In this case, we quantify the effect of pattern role as the the difference in R2 between the model including only class size, Mvs, and the model with class size and pattern role, Mvrs. In general, design pattern roles do not consistently have a greater effect on the percentage variance in change proneness to classes than metapattern roles. Although the percentage varies slightly it is consistently less than 2% across all patterns in all projects. So although we cannot conclude that metapattern roles offer any quantitative advantage over design pattern roles in evaluating pattern properties, we can observe some qualitative properties.
First, whenever roles are significant after controlling for size we observe a similar trend in their associated design patterns. However, we observe that this trend is not particularly interesting, in short, hook classes change more often whereas template and implementation classes change less often. Second, metapatterns derived from detected design patterns do not explain appreciably more or less than those detected by Thex.
We also observe that there exist fewer opportunities to play more than two roles with metapatterns as we have at most three roles.
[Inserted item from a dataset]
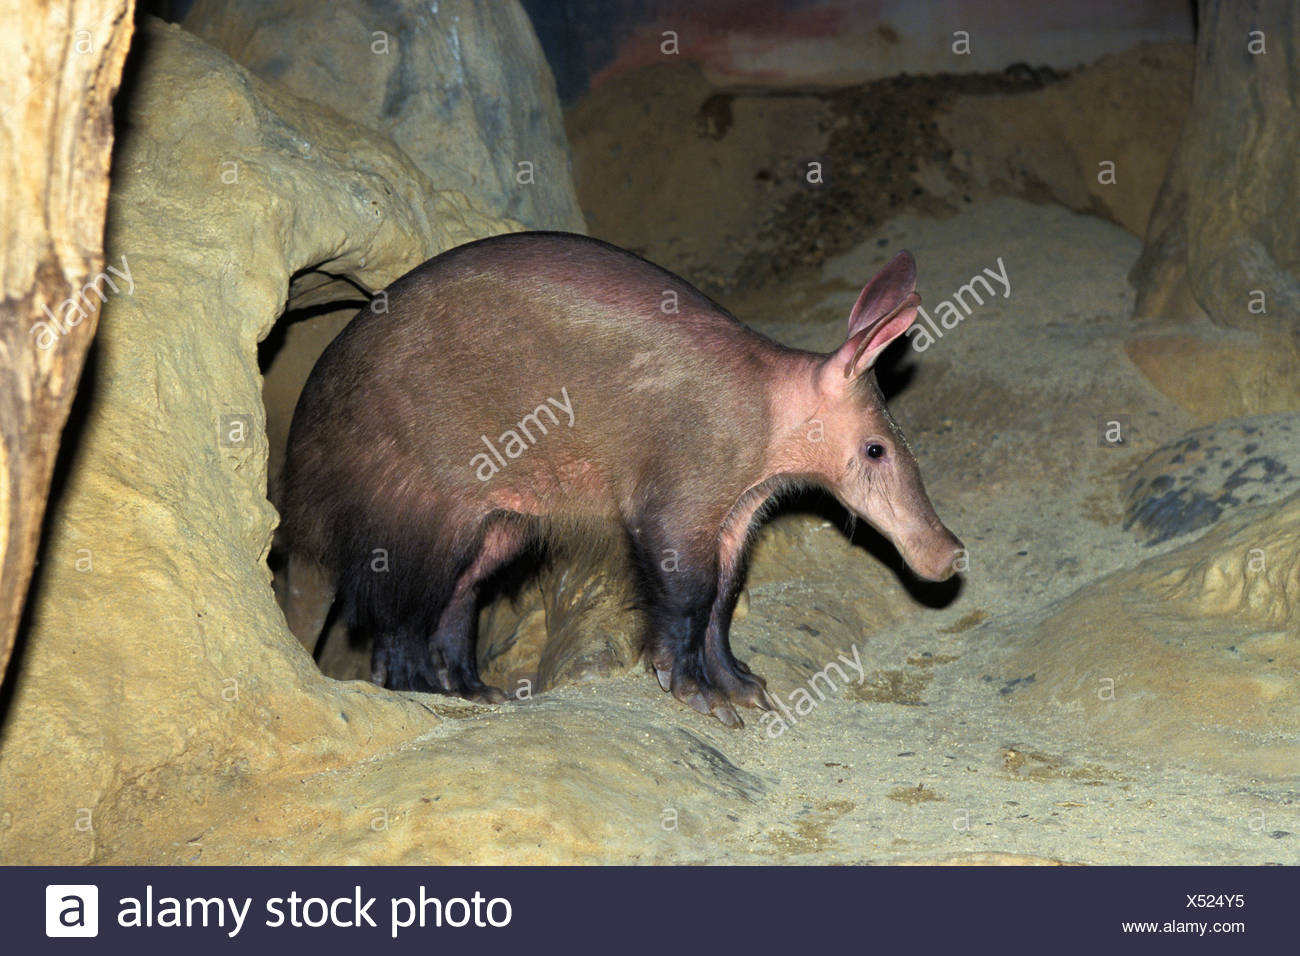 Aardvark (Orycteropus afer) leaving den, zoo, Africa - Stock Image

As a consequence, greater than two roles are only significant across metapatterns in Eclipse JDT.
Conclusion for RQ3
When explaining change-proneness, while controlling for size, there is very limited additional explanatory power provided by pattern or metapattern roles. Furthermore, there is very little difference in the additional power provided by metapattern roles, as compared to the explanatory power of pattern roles. Metapattern roles do, however, follow a similar pattern of change-proneness and size as their design pattern cousins.
6.5 RQ4
We now turn to RQ4, viz., the relationship of pattern and metapattern roles with size. Note that we use just the roles and release factor as predictors in the model: size is now the response variable. As before, weighted effects codes for the roles indicate the relative effect on size when a class plays the corresponding role and the chosen symbol indicates the direction and significance of the effect. The overall R2 indicates how much of the variance is explained by the roles.
The most striking observation regarding size is the strong agreement (both direction and significance) of the role coefficients with the corresponding role coefficients in Mvr. With only a few exceptions, whenever a role is significant in both models the direction of significance coincides. In most models, for example, hook classes are predicted to be less change-prone, and similarly, in most models, hook classes are predicted to be smaller.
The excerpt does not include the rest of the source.